Its directors would be given the power to set the discount rate, issue
currency, and control open-market operations.
d.
A governor, appointed by the President, was to oversee the entire
operation.
3.
However, agrarians -- congenitally suspicious of monopoly – objected to
the centralized, private character of the proposal.
a.
Above all, they wanted public control.
b.
House Democrats worked out an alternate proposal under the leadership of
Congressman Carter Glass of Virginia, who worked closely with Wilson.
i. William McAdoo, Secretary of the Treasury, proposed a rather radical
bill, a Federal Bank issuing US currency, backed by the taxing authority of the
government.
ii. The agrarian Bryan wing of the party exercised considerable influence as
well.
c.
Frank Vanderlip worked with the Banking Committee in an effort to revise
what he held to be the most objectionable parts of the Glass bill.

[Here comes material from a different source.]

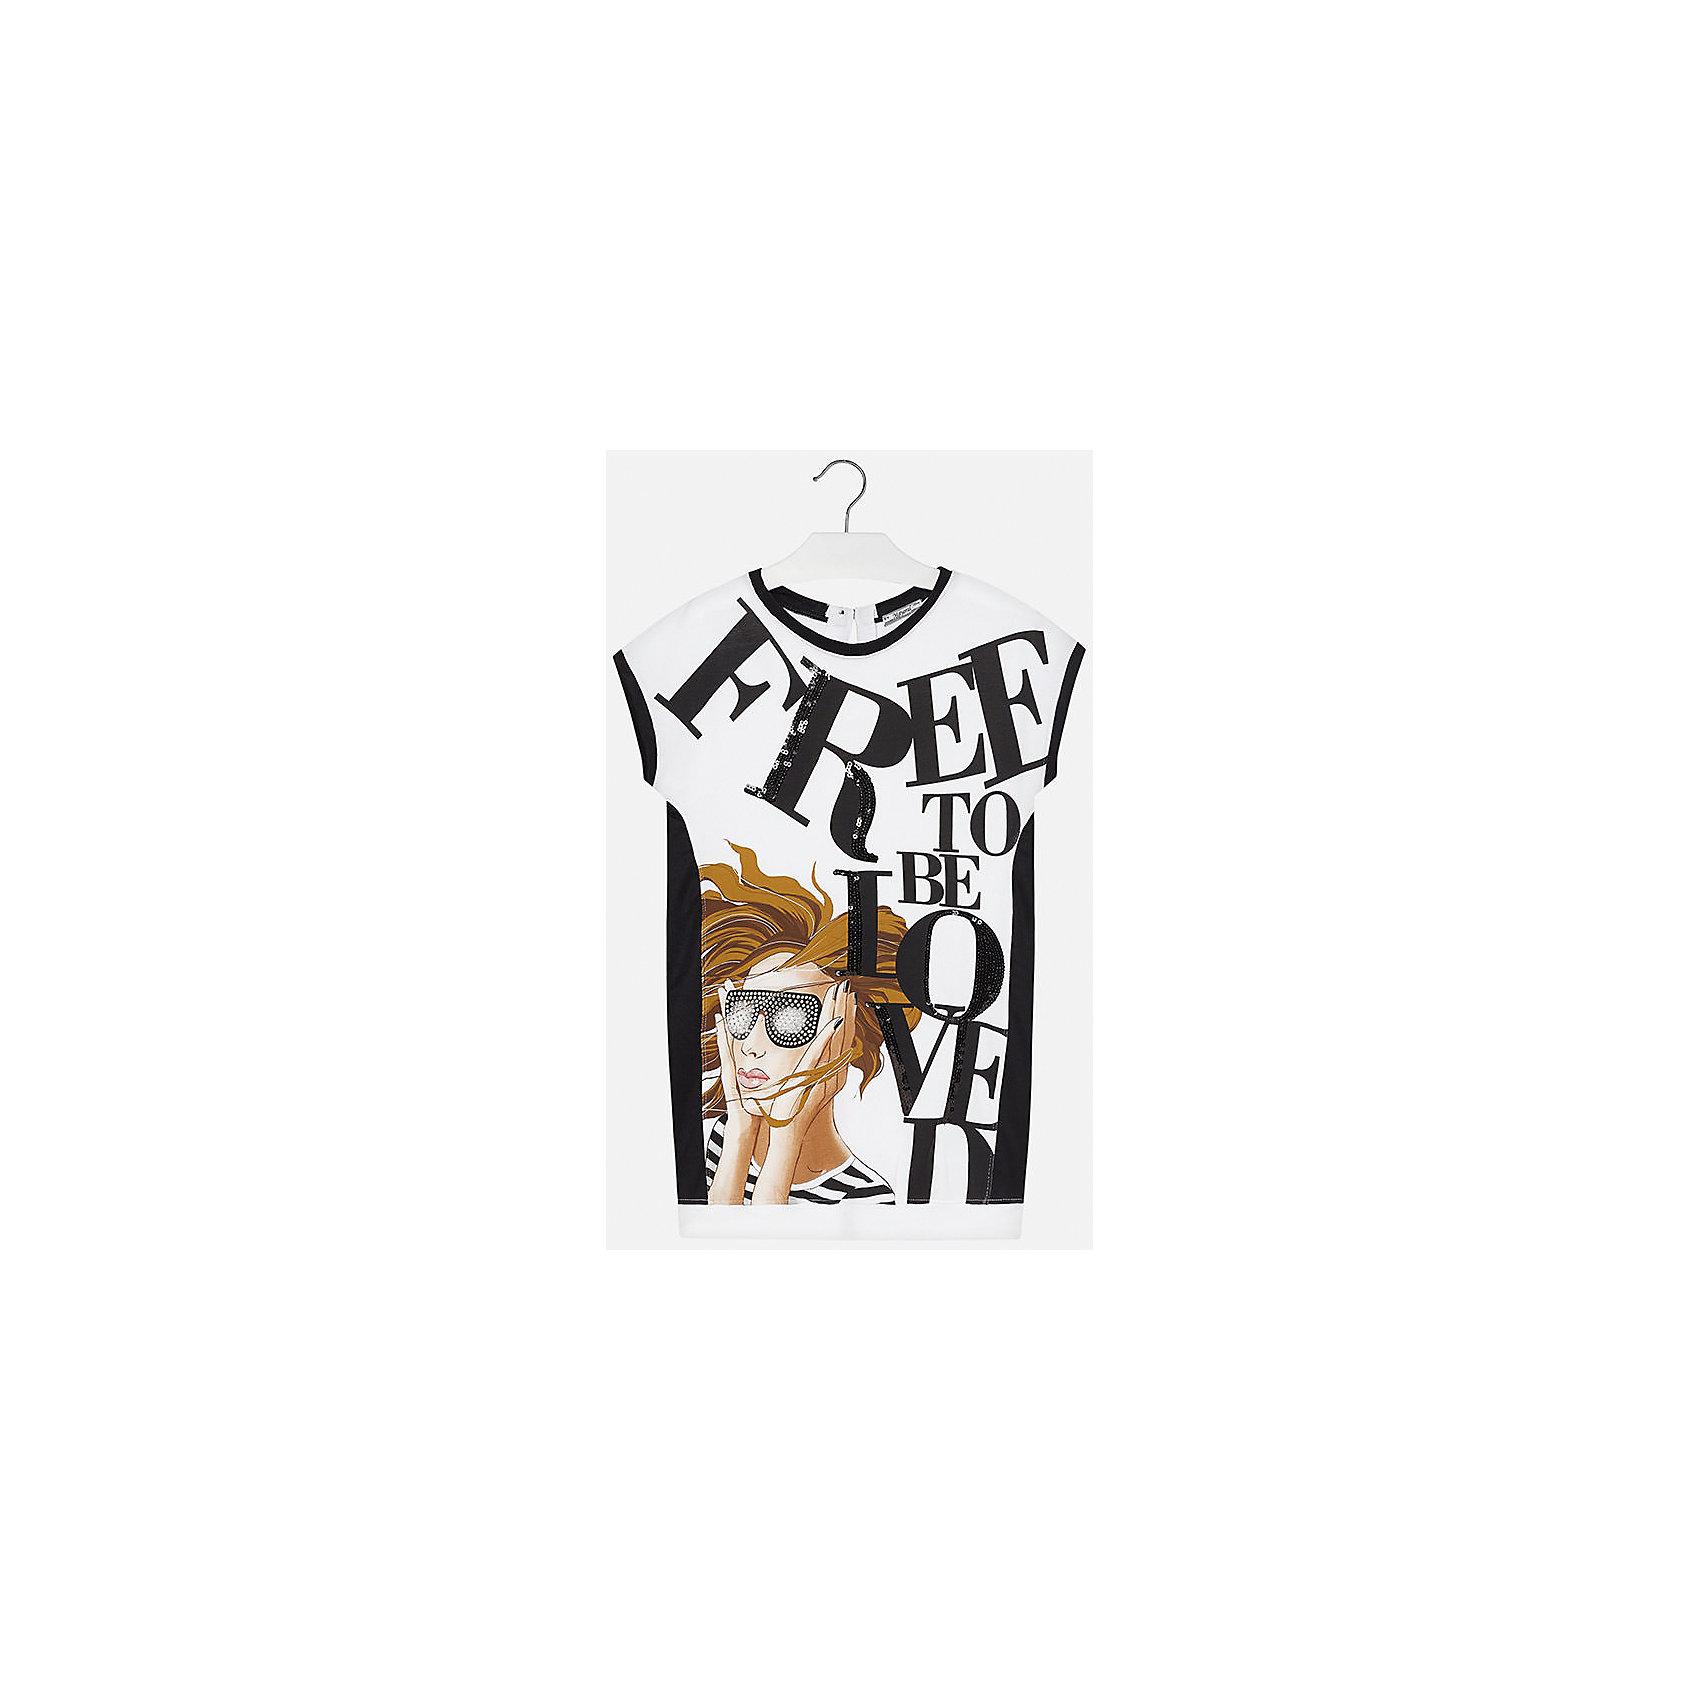 Платье для девочки MayoralПлатья и сарафаны<br>Характеристики товара:<br><br>• цвет: белый/чёрный<br>• состав: 95% хлопок, 5% эластан<br>• застежка - пуговица<br>• зауженный внизу силуэт<br>• короткие рукава<br>• декорировано принтом<br>• страна бренда: Испания<br><br>Стильное платье для девочки поможет разнообразить гардероб ребенка и создать эффектный наряд. Оно подойдет для различных случаев.Платье хорошо сидит по фигуре. В составе материала - натуральный хлопок, гипоаллергенный, приятный на ощупь, дышащий.<br><br>Платье для девочки от испанского бренда Mayoral (Майорал) можно купить в нашем интернет-магазине.<br><br>Ширина мм: 236<br>Глубина мм: 16<br>Высота мм: 184<br>Вес г: 177<br>Цвет: черный<br>Возраст от месяцев: 156<br>Возраст до месяцев: 168<br>Пол: Женский<br>Возраст: Детский<br>Размер: 164,170,128/134,140,152,158<br>SKU: 5293297

i. He proposed to centralize banking decisions to greater degree, but
accepted that the reserve bank would not be privately held (as the bankers
wanted).
ii. He increased the gold reserve requirement from 33.3 to 50%, and made the
currency redeemable only in gold, in – an effort to limit money creation (and
thus inflation).
iii. He raised the dividends of the bank’s stockholders from 5 to 6%.
4.
After extended negotiations, first within the Senate, then between the
Senate and House, the Federal Reserve Act passed in the House 298-60 and the
Senate 42-25.
a.
Key to formulation and passage of the legislation was agrarian support –
with core Democratic support – for a public institution that issued paper money
and facilitated the expansion of the money supply.
b.
The northeastern core got a centralized bank, one with some restraints on
the creation of money.
c.
The system set up
i. a Board of Governors
ii. up to12 regional Federal Reserve banks
iii. a
Federal Open
Market Committee (this evolved later),
iv. a bankers’ Advisory Council
v. and a membership consisting of several
thousand subscribing banks.
d.
The Fed had three instruments for adjusting the money supply:
i. altering the discount rate, which in turn influences the interest rates
charged by the banks (in turn, influencing loans);
ii. changing the reserve requirements;
iii. engaging in open-market operations – meaning the purchase and sale of
government securities to member banks.
e.
The Federal Reserve Board consisted of:
i. a comptroller,
ii. a treasury secretary,
iii. five additional geographically diverse members with ten-year terms
appointed by the President.
5.
In the end, agrarians, bankers, and state officials all got something
from the legislation
a.
Ultimately agrarians trusted government more than Eastern bankers to
govern credit and money, in part, because of their capacity to alter the
government’s policies through the ballot box.
b.
Farmers got expanded money and credit, bankers got a centralized
clearinghouse and a pooling of reserves, and government officials enjoyed
greatly expanded powers.
H. Farm Credit Legislation:
1.
The Federal Farm Loan Act of 1916 created 12 Federal Land Banks, after
the model of the Federal Reserve.
2.
The act provided up to five-year loans to farmers based on their land
and/or improvements at an interest rate no higher than 6%.
3.
It had a huge and almost immediate effect in agrarian America.